For remote the current latency is annoying but not a deal breaker, non-native resolution is annoying but not a deal breaker.
As an example, I’ve been working on some large AR projects recently and not having remote available to iterate has been absolutely awful. I’ve seen what Unity mobile development without remote is like- and it’s absolutely worse. If Unity Remote support is dropped before something has been built to replace it your product will have become significantly less useful.
Unity remote offers near instant iteration times vs 1-10 minute build iterations. This is a much bigger difference than it sounds like when you are actually making games.
Even if you improve the build cycle times, on a large project you will still add a gulf of time between iteration cycles as compared to Remote. You develop code entirely differently when you can’t instantly test something.
- Editor: Mark unity remote as deprecated inside ProjectSettings->Editor
Seems its getting deprecated
Thanks for sharing this
I understand depreciations, but can an official from Unity please let us know if there’s a replacement, because a remote is an essential pipeline tool for mobile, and I can’t imagine testing mobile games without one. It’s one of the features that drew me to unity in the first place. I’d appreciate a heads up about the replacement so we can plan accordingly, and for peace of mind.
- Simulator is not a solution for input
- live link, don’t know how to use it
- new input system, its still in development
So it seems until live link is able to process input and is easy to setup we are out of luck
@michaelberg Is there any documentation about LiveLink? I’d like to learn more about it.
This is what I could find
I can appreciate what unity is trying to do here. But I have reservations. it looks like you need to actually build your app to test it via live link, is that correct? It seems like a product to serve a separate purpose than what Unity remote does.
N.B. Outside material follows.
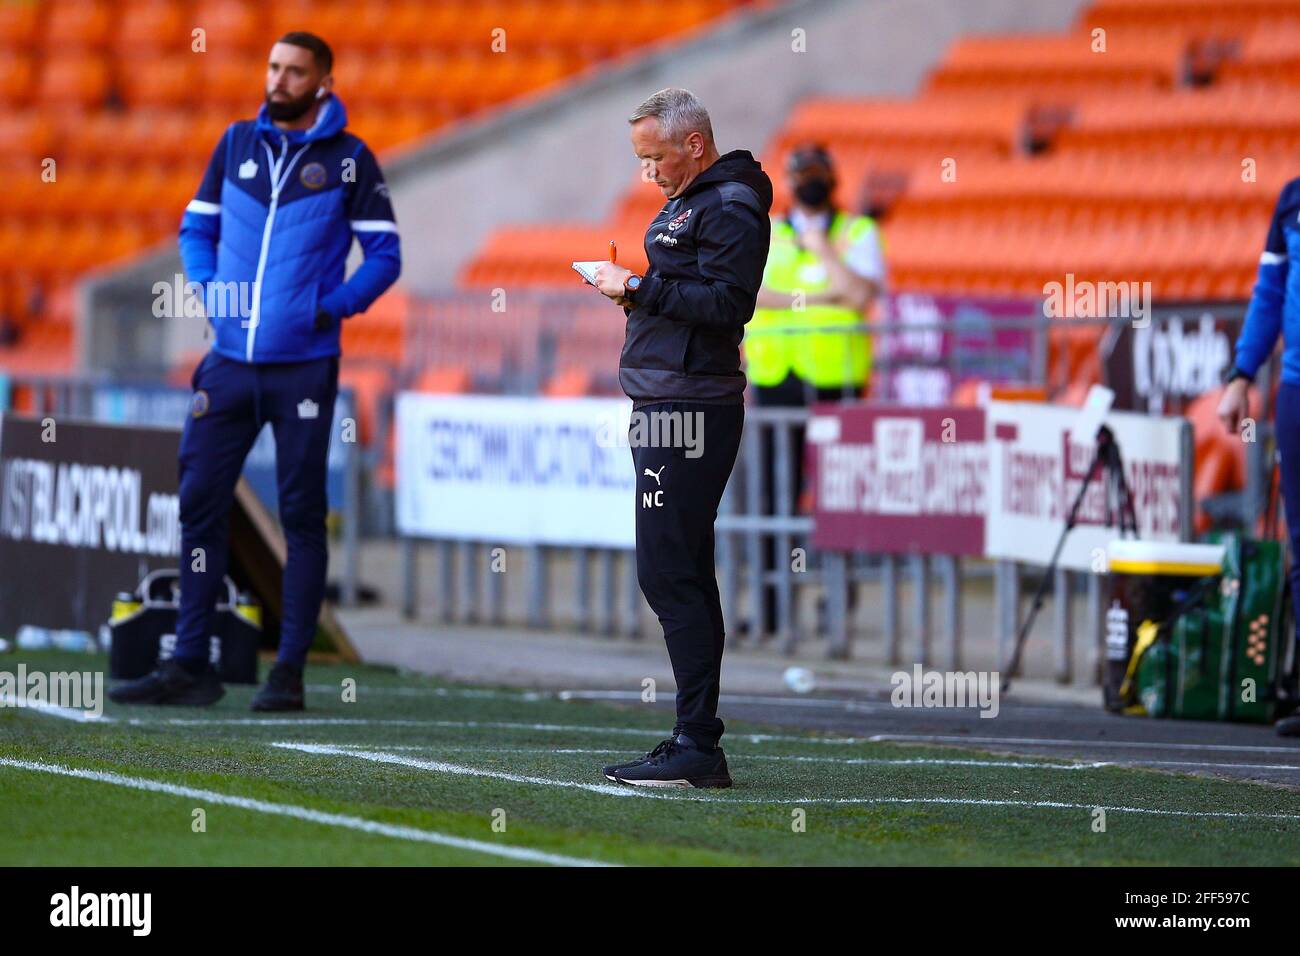 Bloomfield Road, Blackpool, UK. 24th Apr, 2021. Neil Critchley Manager of Blackpool taking notes during the game Blackpool v Shrewsbury Sky Bet League One 2020/21 Bloomfield Road, Blackpool, England - 24th April 2021 Credit: Arthur Haigh/Alamy Live News Stock Photo

I think unity remote workflow is perfect, just change some of the solid, workflow-relevant suggestions mentioned in this thread. Or even at the very worst, leave it in rather than eliminate it altogether. And if its going to be replaced then do a new version of the same simple workflow because it just works - no installations, no extra steps:)
None of these options appear to be a replacement for Remote. Live Link looks to be a great and welcome feature, but it does not appear to allow for quick code iterations and is thus not a replacement for Remote. I’m sure this is something Unity is aware of, but because of how important Remote is to my workflow I feel it bears repeating.
As a side note about the resolution and performance issues seen in remote:
Oculus Quest now streams 72Hz ultra high resolution video from a PC to a mobile based device over USB 3 - including low latency input back to the host machine. If desired, Unity Remote could be fixed to show near-native like performance.